When Gregor left, Sims turned to me. “Quite a disreputable crowd you’re hanging out with,” he said.

“Not by choice,” I said. “Very little that has happened to me as of late has been by choice. Take you two guys always popping
in uninvited. Before we chat, do you mind if I go into my bedroom and get a new shirt? This one is a little worse for wear.”

“Yes, we do mind,” said Hanratty as he reached into his jacket pocket, took out a pair of blue rubber gloves, slipped them onto his huge hands.

“What are you doing? My prostate is fine.”
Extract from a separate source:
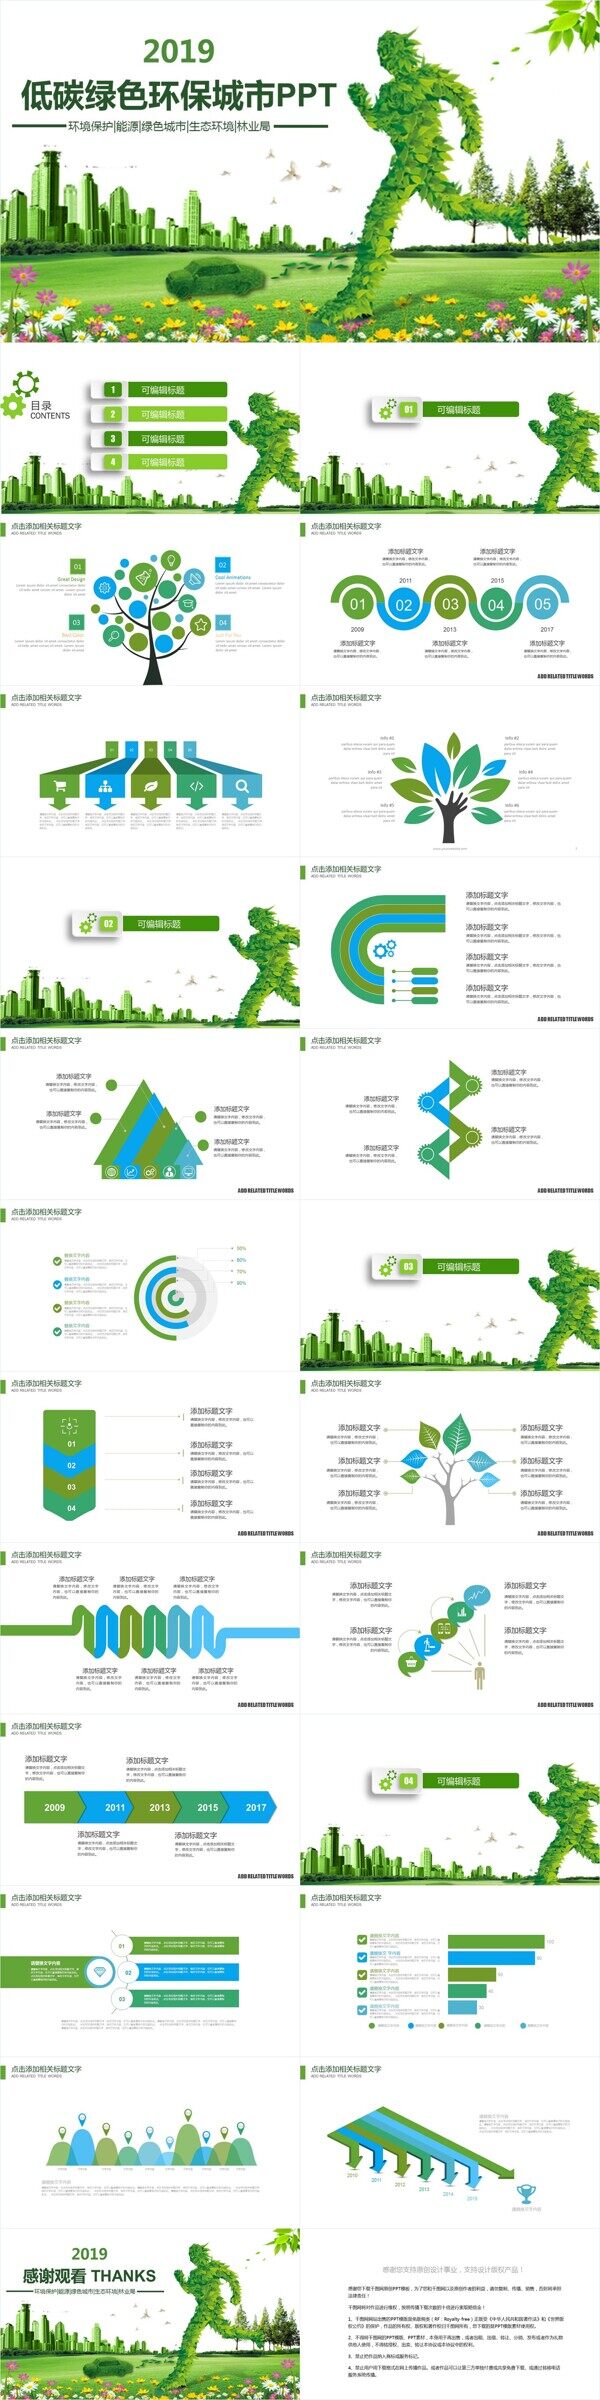 创意无规则图形低碳绿色环保宣传PPT模板

Sims pulled a document from his overcoat and waved it once before putting it away. “We have a warrant. Hanratty’s going to search your bedroom. Relax, Victor. This won’t take long.”

“That’s what they say when they check your prostate.”

While Hanratty disappeared into my bedroom, I sat down on the edge of the couch, leaning forward, one hand still clutching the shirt to my chest. Sims sat with a certain ease in my easy chair, leaning back comfortably, one leg crossed over the other.

“I’d ask about your shirt and the blood,” said Sims, “but I try not to get into people’s sexual practices unless absolutely necessary.”

“This has nothing to do with—”

“Not yet, Victor. We’ll talk, we’ll have quite the conversation, but not just yet.”

“What kind of—”

“Shhhh,” said Sims. “Save it all for later. For now let Hanratty do his work.”

From my bedroom came the sound of clothes rustling, of furniture being moved, of objects being tossed carelessly about. Something shattered against a wall. Sims didn’t so much as flinch.

“Can I see the warrant at least?” I said.

“No.”

“But the law says—”

“I know what the law says,” said Sims. “Just be patient. Everything will come clear, one way or the other, soon enough.”

And soon enough it did. From the doorway to my bedroom appeared Hanratty, a crooked smile on his stalwart face. And
in one hand, still sheathed in blue rubber, he held out, like a magician displaying a startled rabbit pulled from his hat, a plastic bag.

And inside the plastic bag was a gun, big and shiny, and though I had never seen it before, I knew right away which gun, of all the guns in the world, was this gun and whom it had killed.

It’s hard to parse the swirling swill of emotions I felt at that very moment. There was the inevitable shock, though how I could have been shocked was a mystery. And there was anger, a generalized anger at the bastards who had set up the frame and the two cops who were walking right through it. And there was fear, yes, fear that after all the crimes and misdemeanors in my life, I was being caught at something I hadn’t done. The UPS guy always rings twice, I suppose. And let’s not forget the sadness, too, yes, of course, I admit it, sadness at the past that was obliterated and the future altered by the sheen of the gun’s silvery barrel.

But most of all, and this may be the truest revelation of this whole sordid tale, even as I felt the frame of guilt close in on me, what I felt surging through me at the sight of that gun, planted in my bedroom by my old lost love, was a great heaving sense of relief.